18.12.2009
Humour franglais
Comme toute femme qui se respecte, je n'ai strictement aucun sens de l'orientation. Or, aujourd'hui, j'avais décidé de me rendre au Musée de la Monnaie où se tient encore pour 48 heures une exposition photographique intitulée " Entre l'espoir et le chaos " traitant de l'Iran sur la période allant de 1979 à 2009.
Je descendis donc à la station Châtelet et me dirigeai en direction du Pont Neuf.
Comme la décision avait été prise à l'emporte-pièce, mon plan de la capitale était resté à domicile. Depuis le temps que je vis à Paris, je devrais pourtant être en mesure de me rendre quai Conti les yeux fermés. Et bien non ! Si nos chemins se croisent ne vous avisez jamais de me demander où se trouve la tour Eiffel car à tous les coups, je vous enverrai dans la direction opposée. Ce, en toute bonne foi car d'évidence, je me tourne le dos.
Où étais-je quand l'incident se produisit ? Quai des Gds Augustins ou Quai Malaquais ? Je suis actuellement incapable de vous le dire. En tout cas, je débouchais du pont, accélérai le pas en constatant qu'une riveraine tirait le rideau de fer d'une boutique d'antiquités et lui demandai,
- Excusez moi, mais pouvez-vous m'indiquer de quel côté est le quai Conti ?
la femme continua à tirer la grille du magasin et me répondit distinctement.
- Désolée mais je ne parle pas le français.
La réaction primaire et fort peu cordiale eut été de lui rétorquer,
- Vous vous foutez de ma gueule, ou quoi ?
Tout comme elle, j'optai pour le second degré et en peaufinant du mieux possible mon accent britannique, lui répondis,
- Oh ! sorry ...
Nous eussions été à Montréal, je ne doute pas un seul instant que me voyant indécise un cousin ou une cousine de La Belle Province serait venu spontanément à moi en me disant,
" Vous cherchez quelque chose ? ... Je peux vous aider ? "
Seulement voilà, nous sommes à Paris et l'amabilité n'est pas notre qualité première. Ici, c'est chacun pour soi et Dieu pour tous. (à condition qu'il existe ...)
Il faisait décidément trop froid et j'ai décidé de rentrer.
15:46 Publié dans Blog | Lien permanent | Commentaires (0) | Envoyer cette note
17.12.2009
Les chiens et les loups de Irène Némirovsky

Je comptais aller voir une expo aujourd'hui et puis le temps m'a dissuadée.

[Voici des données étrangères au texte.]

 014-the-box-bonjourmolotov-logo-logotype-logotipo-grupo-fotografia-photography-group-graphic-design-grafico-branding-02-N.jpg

Il a neigé cette nuit sur Paris, ce matin également et j'ai préféré pratiquer le cocooning. Une fois n'est pas coutume ! Après tout, il n'y avait aucune urgence.
Il faut savoir se ménager du bon temps, parfois quand cela est possible.

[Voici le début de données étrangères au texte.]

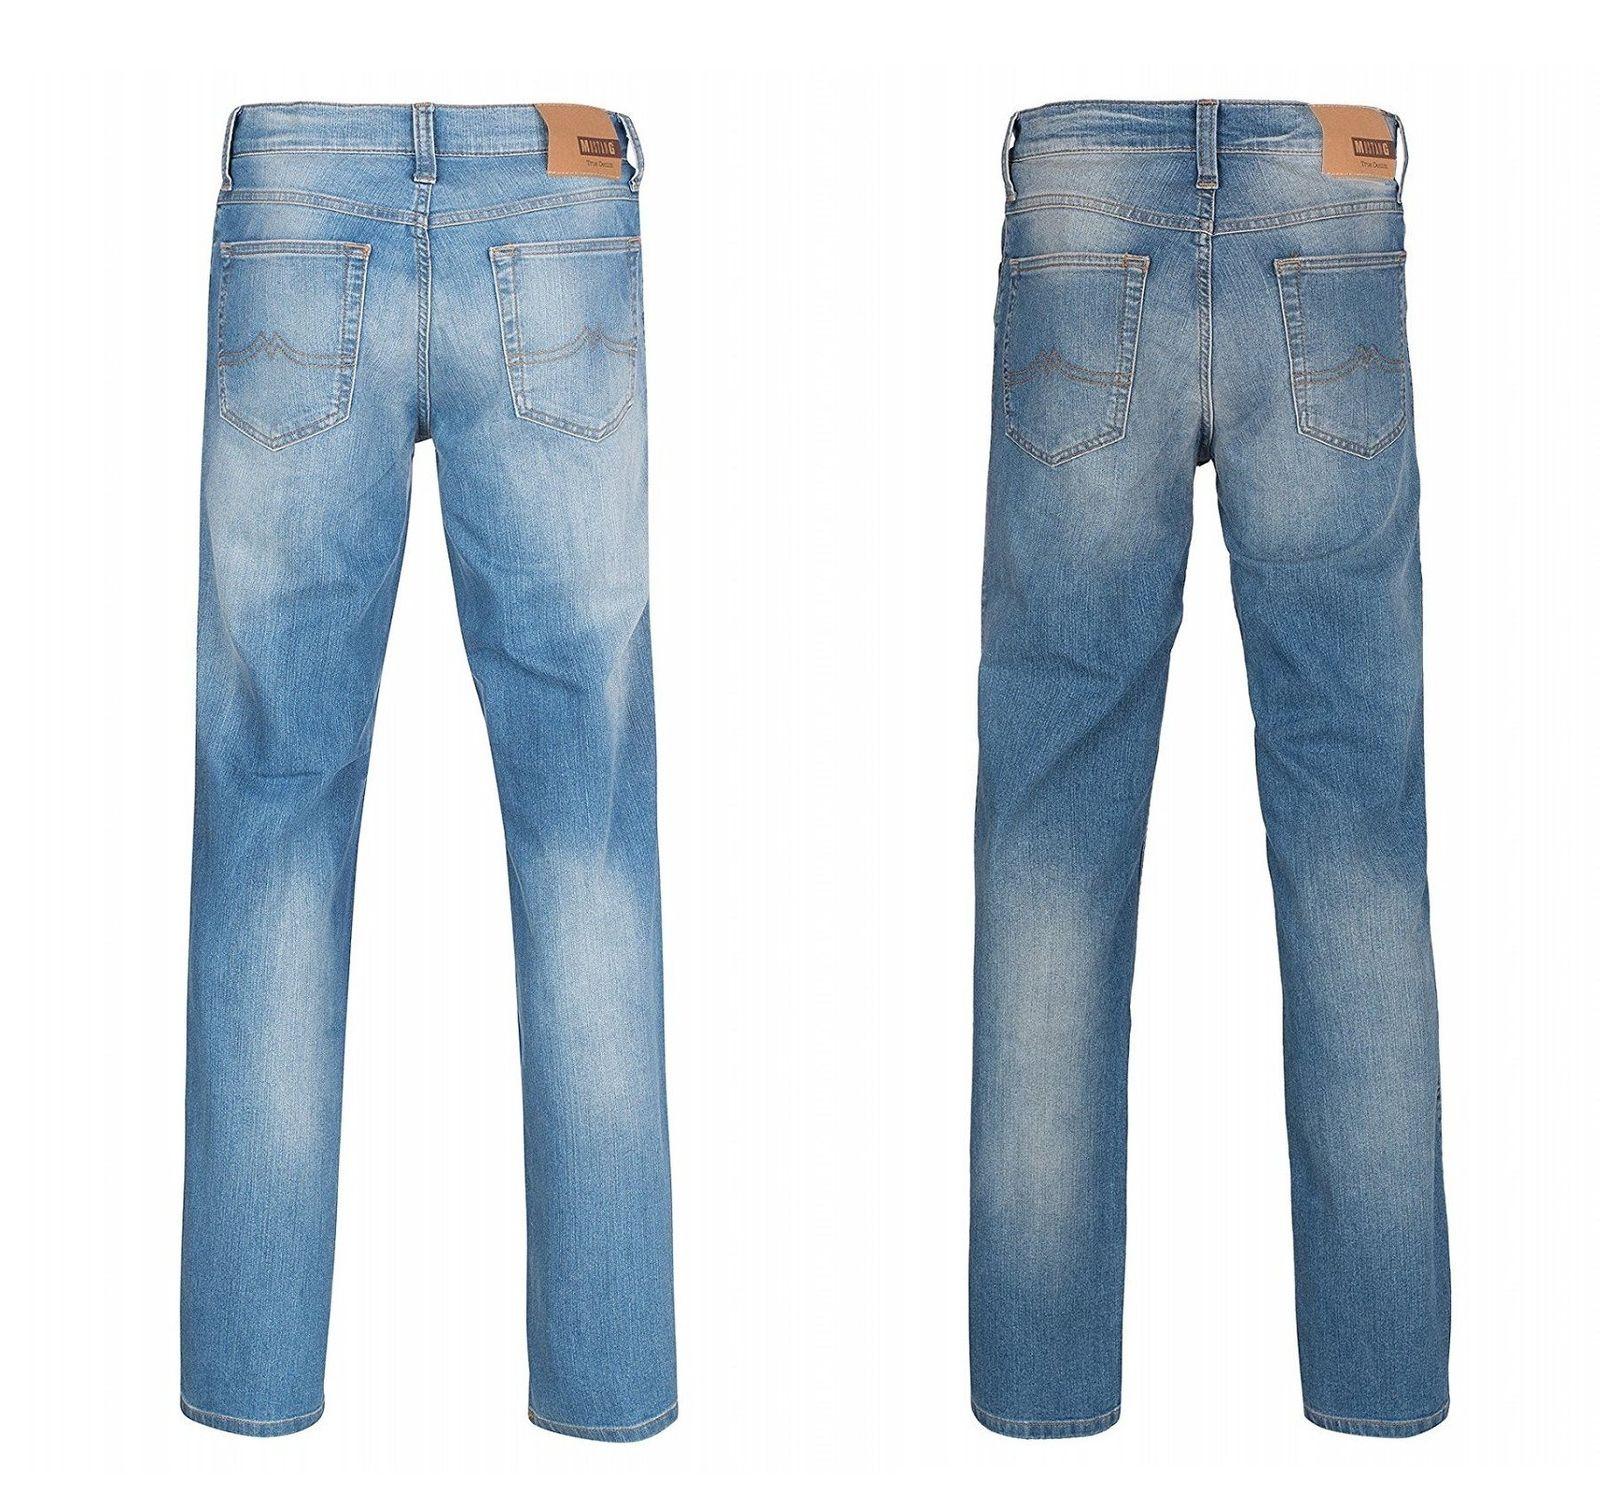 Mustang Oklahoma Straight Jeans stone washed - Angebot auf eBay

J'ai lu il y a quelques temps un livre écrit par Irène Némirovsky lequel s'intitule " Les Chiens et les Loups " L'auteur y confronte deux couches sociales différentes.
En la circonstance, grands bourgeois et pouilleux. Pourtant l'ascendance est la même puisqu'il s'agit d'une grande famille juive, les Sinner dont certains ont réussi et d'autres pas. Les premiers vivent dans le luxe tandis que les autres survivent à peine en tremblant car les pogroms étaient fréquents en Ukraine.
" Tout est comparaison sur cette terre " nous dit l'auteur(e).
Seuls les adultes sont conscients des différences sociales, les enfants en revanche vivent leurs attirances sans a-priori. La vie se charge ensuite de fausser leur regard, les contraignant à adopter la vision des grandes personnes.
Ada et Harry ont immédiatement été attirés l'un par l'autre mais peut-on indéfiniment ignorer les règles fixées par la société ?
EXTRAIT (pages 202-203)
" Ah ! pourquoi ne suis-je pas venue chez toi, comme je l'avais tant rêvé, dans ta riche maison, avant ton mariage ? Je t'aurais plu ... Tu m'aurais suivie ... Mais non, non, cela même était trop tard ! ... Pourquoi es-tu né riche ? Pourquoi es-tu tenu par des meubles, des tableaux, des livres, des comptes en banque, mille chaînes. "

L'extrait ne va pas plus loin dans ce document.